Monsignor Georges Lemaître is the father of the Big Bang. He invented what is widely known as the “Big Bang theory” of the origin of the universe. It was Lemaître who first proposed the “hypothesis of the primeval atom” calling it “the beginning of the world”.
His theory explained that the recession of nearby galaxies was because of an expanding universe. Hubble observationally confirmed his theory which is now known in science as the Hubble–Lemaître Law.
“This is the most beautiful and satisfactory explanation of creation to which I have ever listened”.
Albert Einstein.

Lemaître was a pioneer in applying Albert Einstein’s theory of general relativity to cosmology. In 1933 at the California Institute of Technology, after Lemaître detailed his primeval atom theory, Einstein stood up and applauded saying, “This is the most beautiful and satisfactory explanation of creation to which I have ever listened.”

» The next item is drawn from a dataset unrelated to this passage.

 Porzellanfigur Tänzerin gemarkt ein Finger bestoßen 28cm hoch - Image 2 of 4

Georges Henri Joseph Édouard Lemaître (17 July 1894 – 20 June 1966) was a Belgian Catholic priest, a mathematician, astronomer, and professor of physics at the Catholic University of Louvain.

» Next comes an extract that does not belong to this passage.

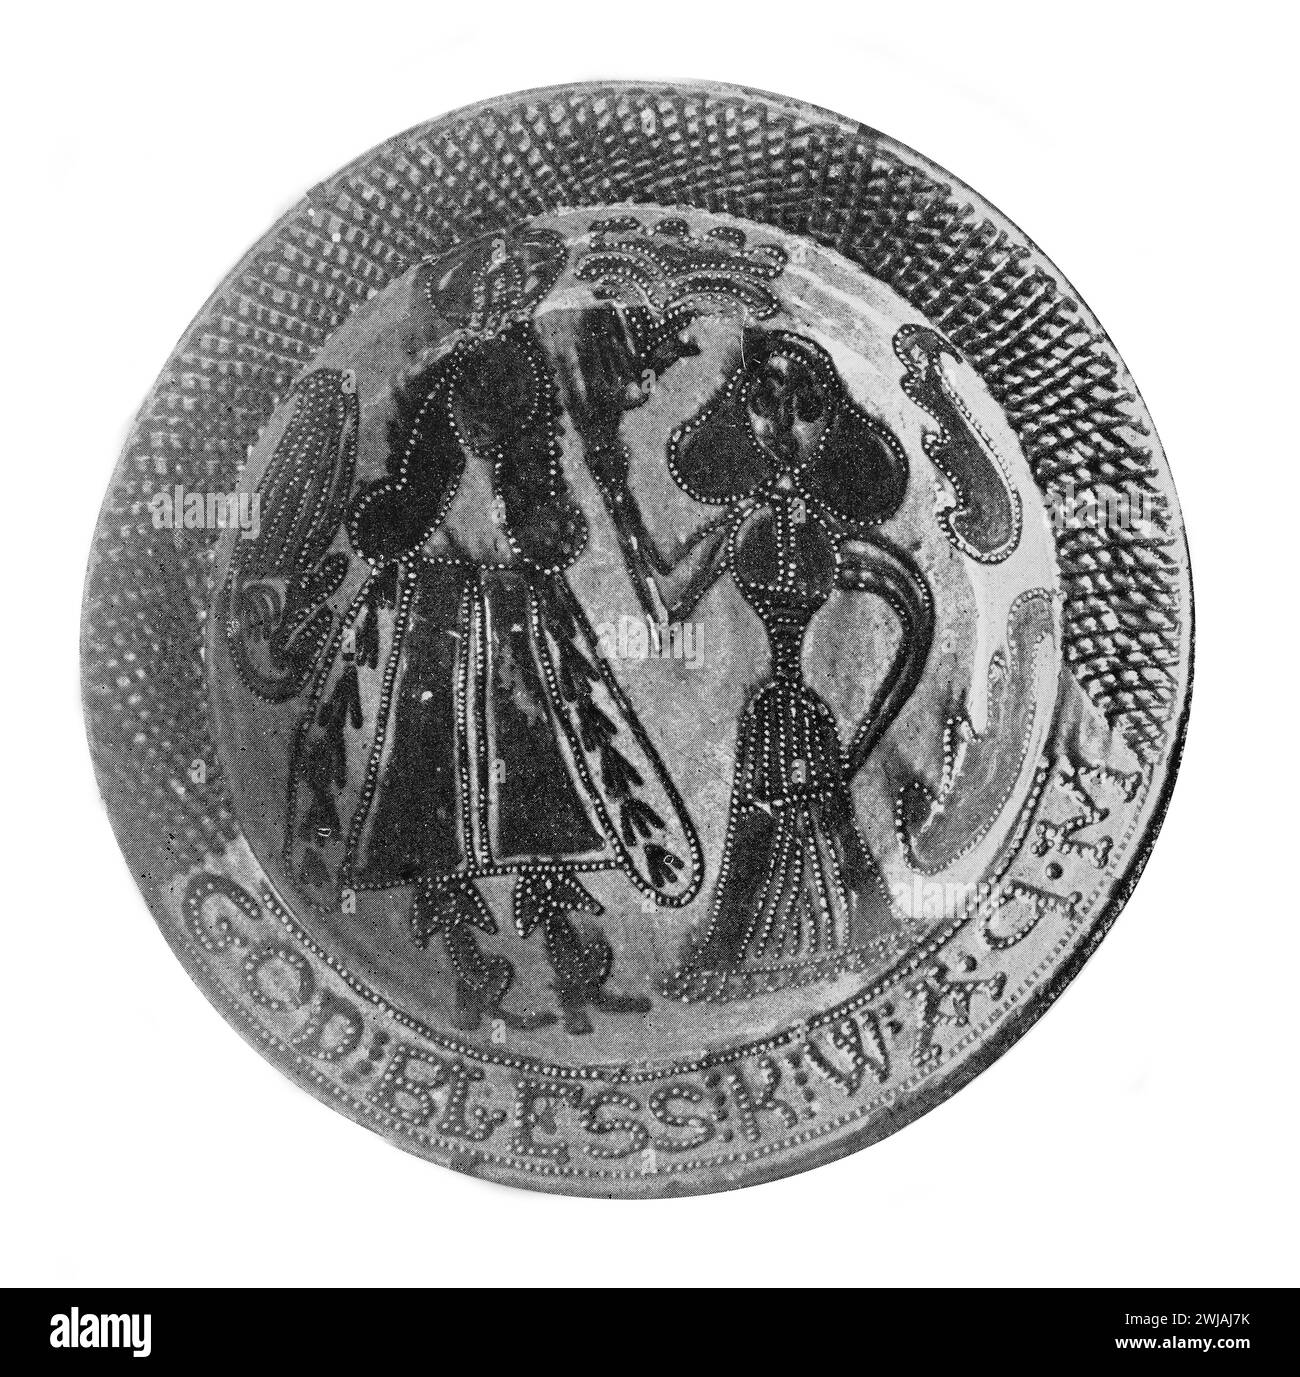 Assiette Toft Ware du XVIIe siècle représentant le roi William (Guillaume III d'Angleterre) et la reine Mary. Illustration en noir et blanc du Connoisseur, un magazine illustré pour collectionneurs Voll 3 (mai-août 1902) publié à Londres. Banque D'Images

“It seems that the science of today, by going back in one leap millions of centuries, has succeeded in being a witness to that primordial Fiat Lux, when, out of nothing, there burst forth with matter a sea of light and radiation, while the particles of chemical elements split and reunited in millions of galaxies”.
Pope Pius XII

“Georges Lemaitre was the first to propose a model in which the universe had such an infinitely dense beginning. So he, not George Gamow, is the father of the big bang”.